Requirement
From the line containing "A lone rider approaching wildebeest herd" down to the last line of the entries, print each line exactly and leave the pictures out.

Provided records

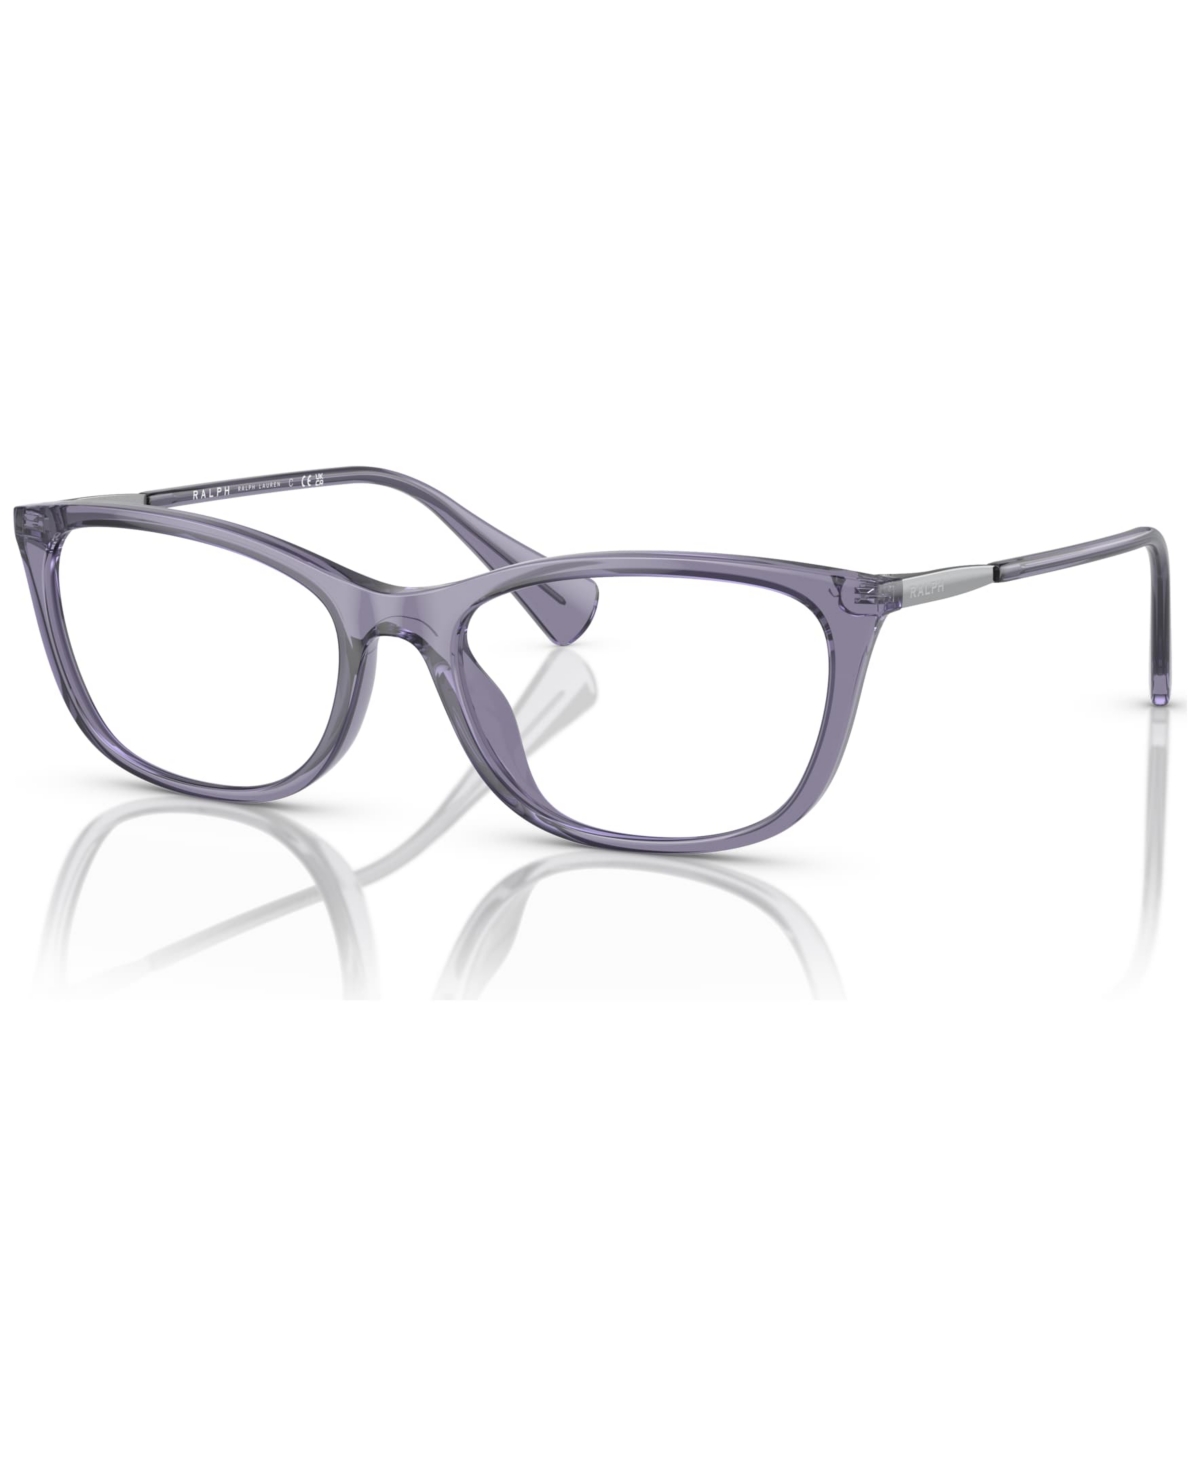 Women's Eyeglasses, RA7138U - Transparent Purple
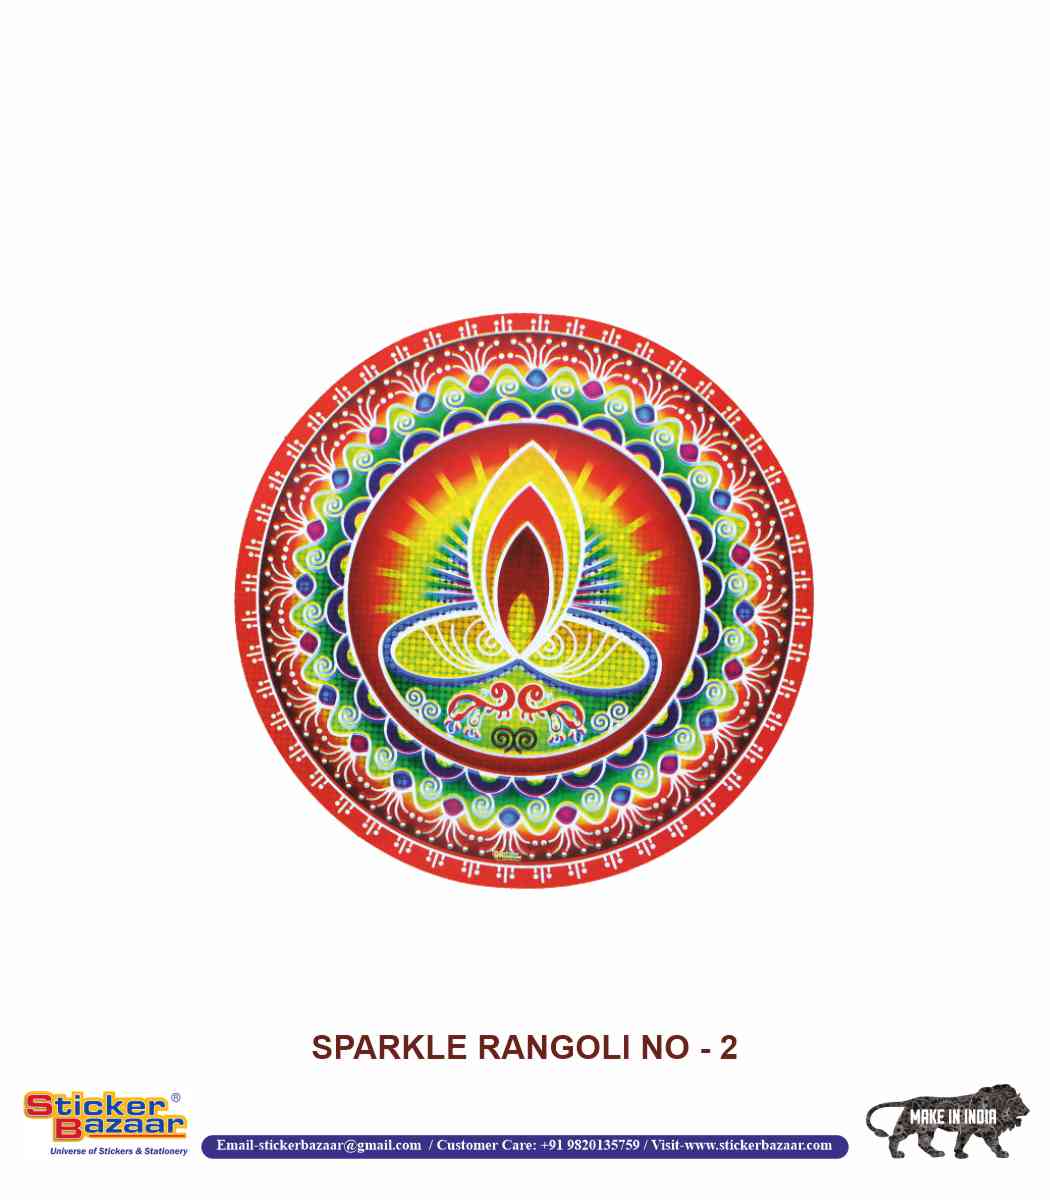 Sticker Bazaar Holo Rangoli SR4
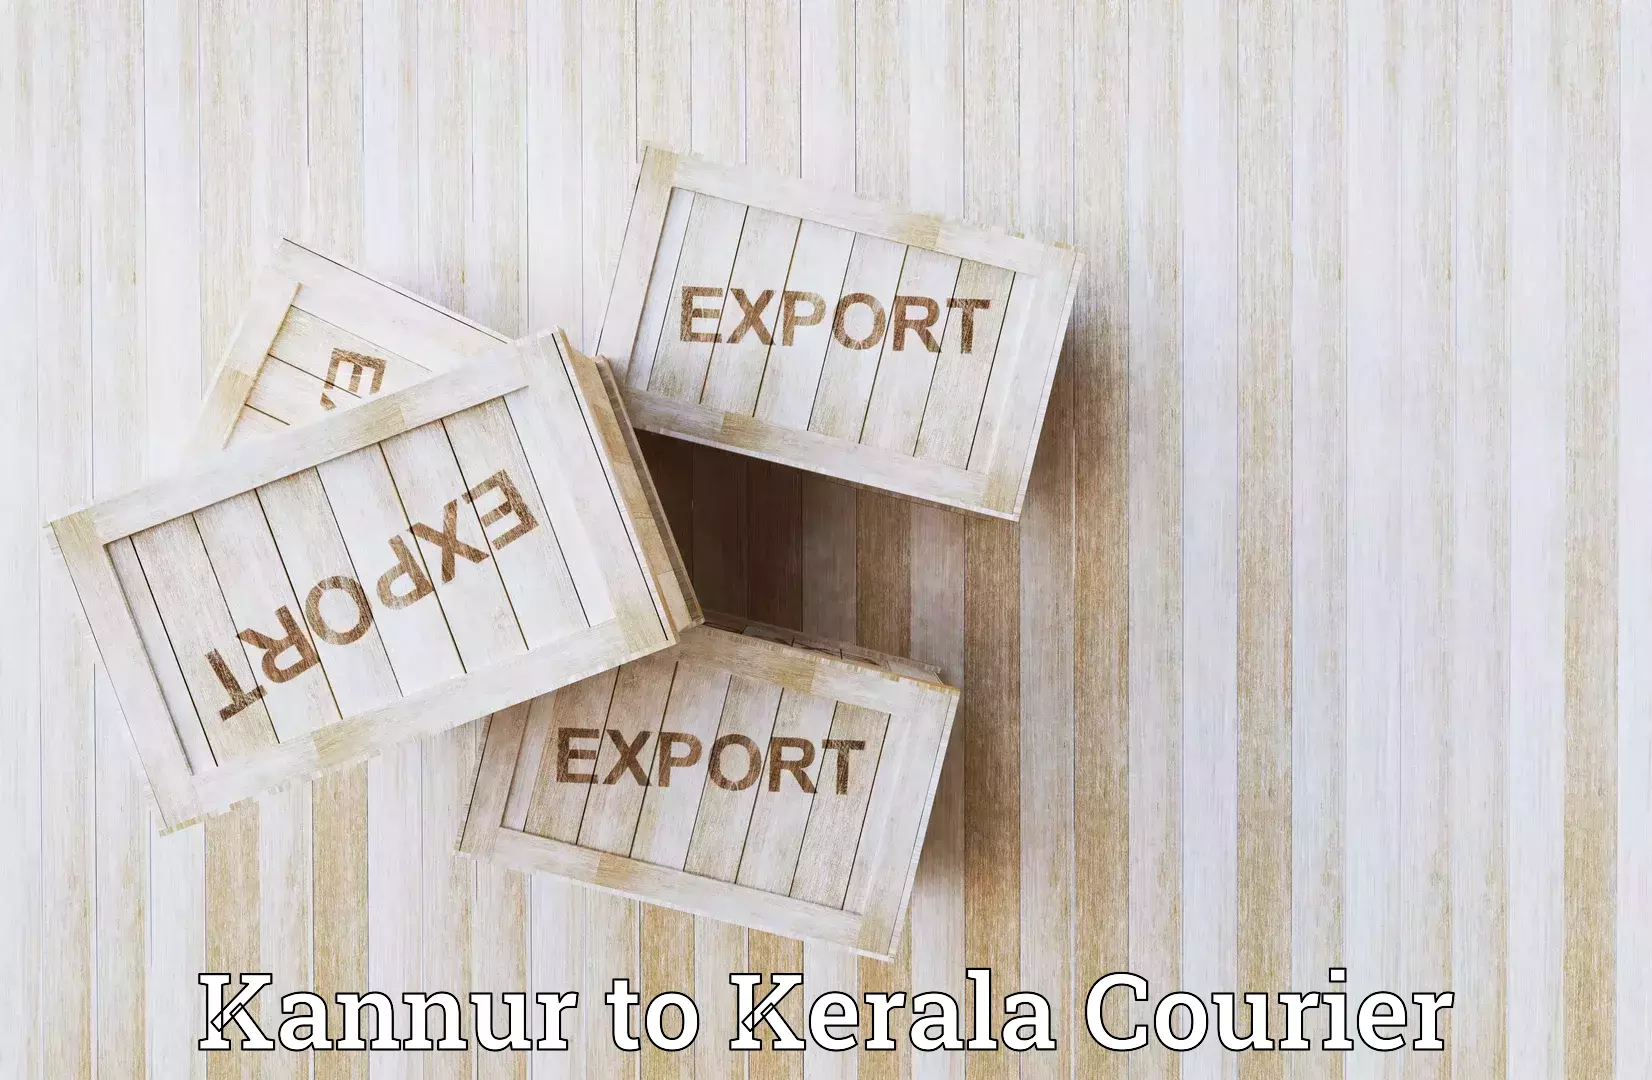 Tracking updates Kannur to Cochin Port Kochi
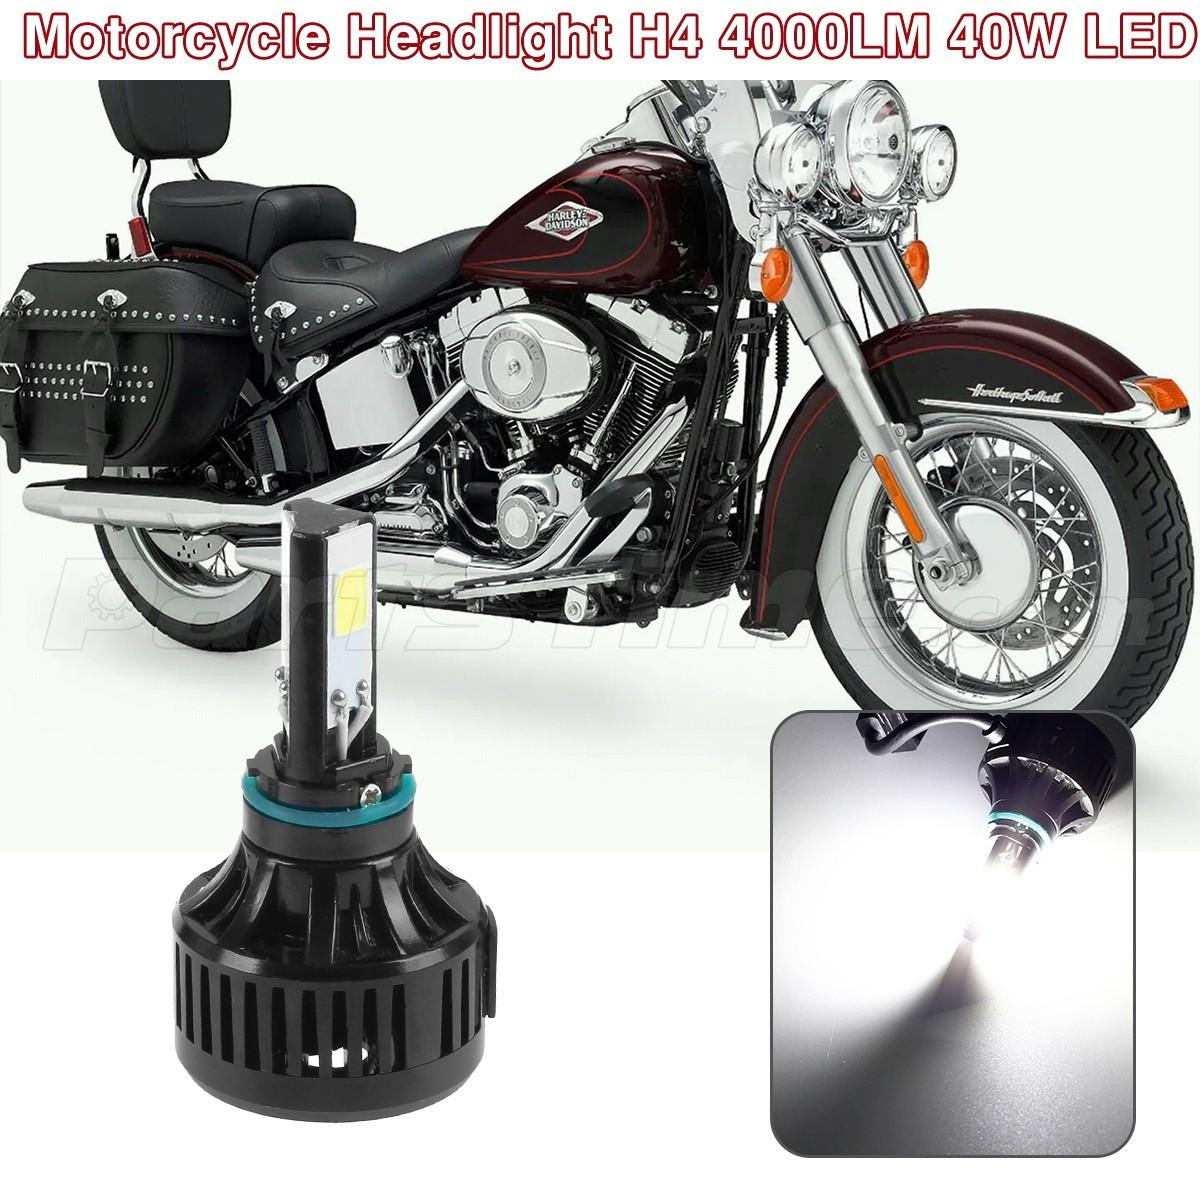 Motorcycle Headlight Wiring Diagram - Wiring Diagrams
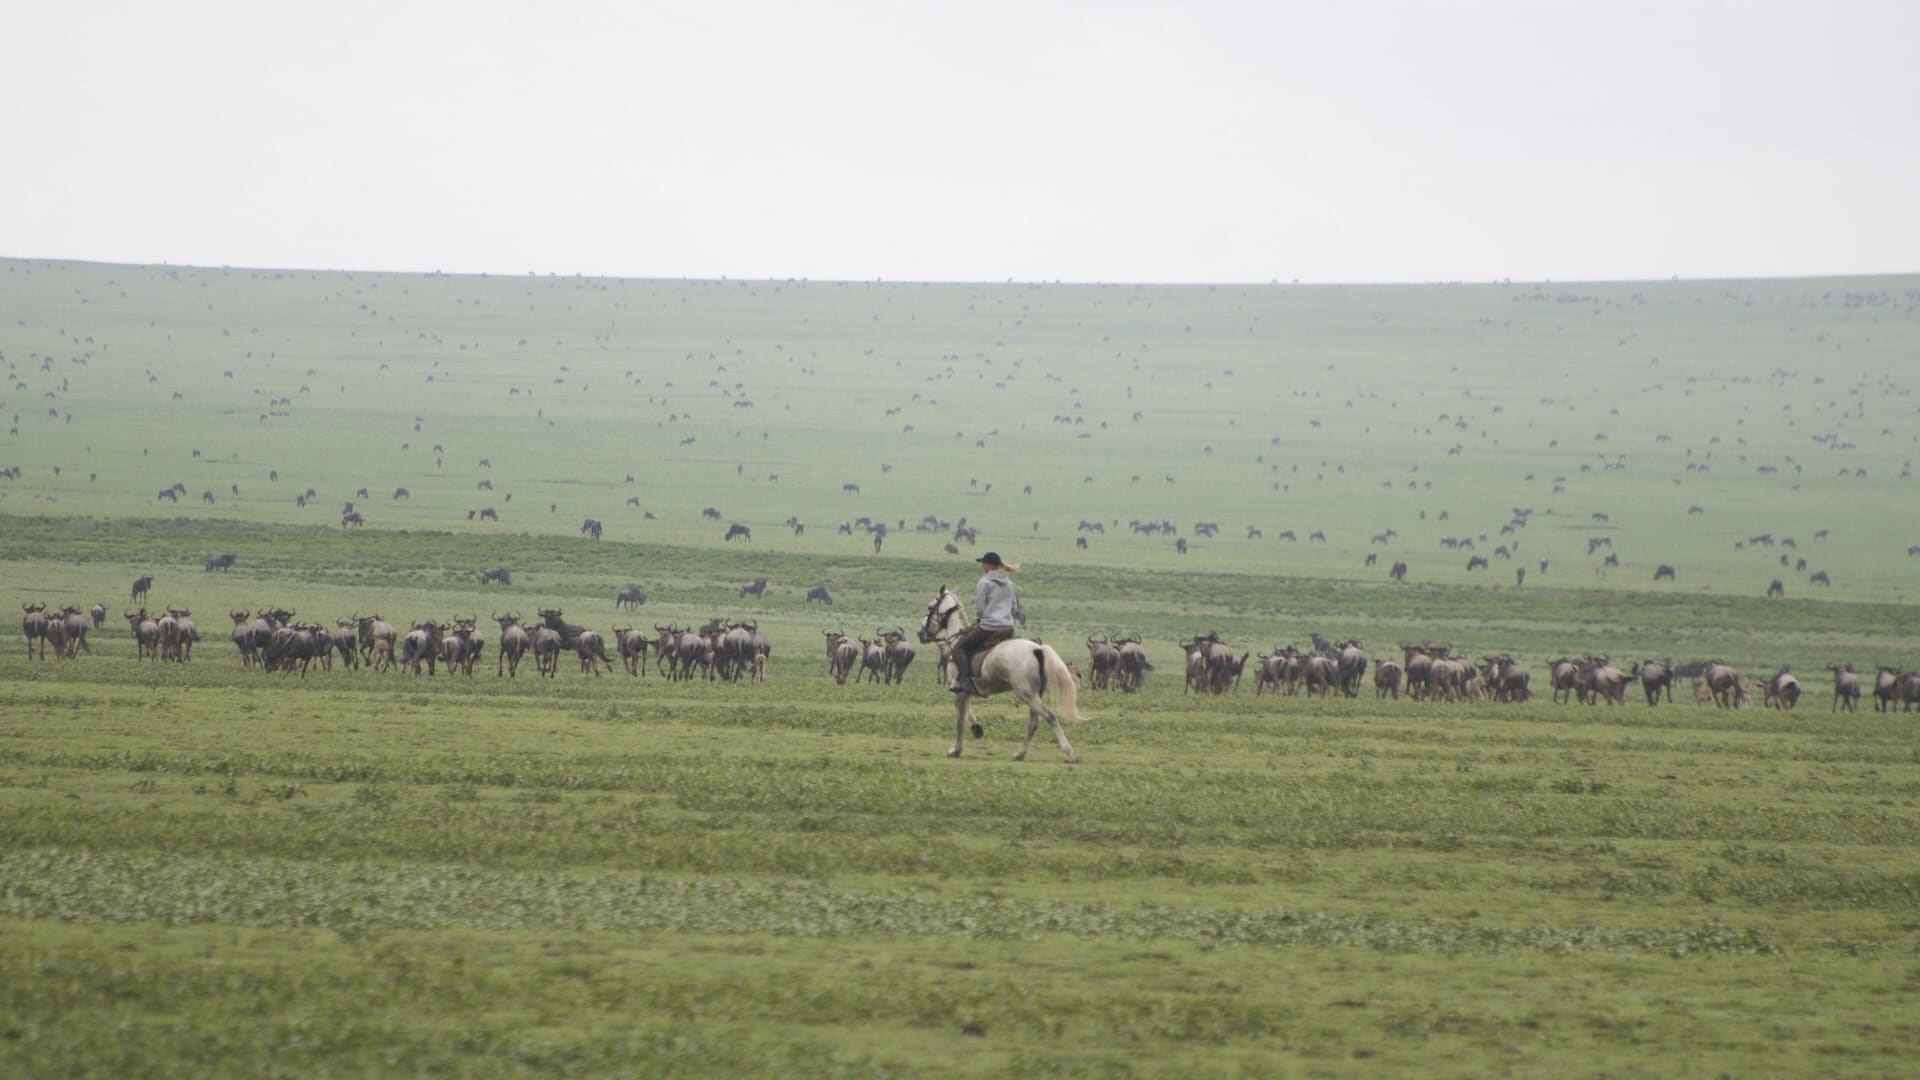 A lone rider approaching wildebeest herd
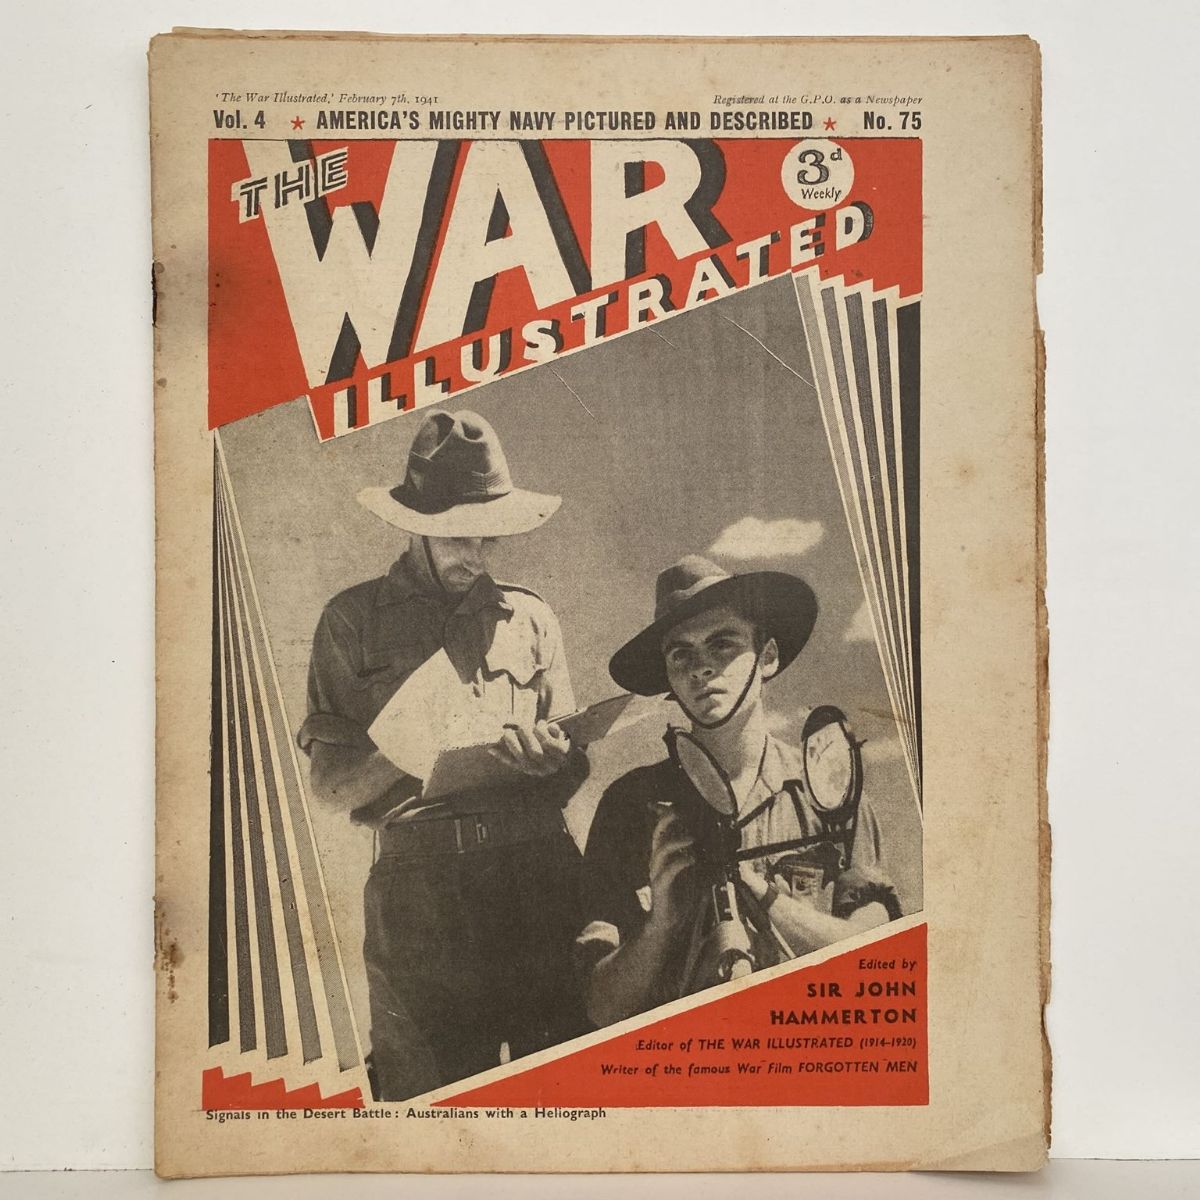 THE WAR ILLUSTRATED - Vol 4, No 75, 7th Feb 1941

Result
 A lone rider approaching wildebeest herd
 THE WAR ILLUSTRATED - Vol 4, No 75, 7th Feb 1941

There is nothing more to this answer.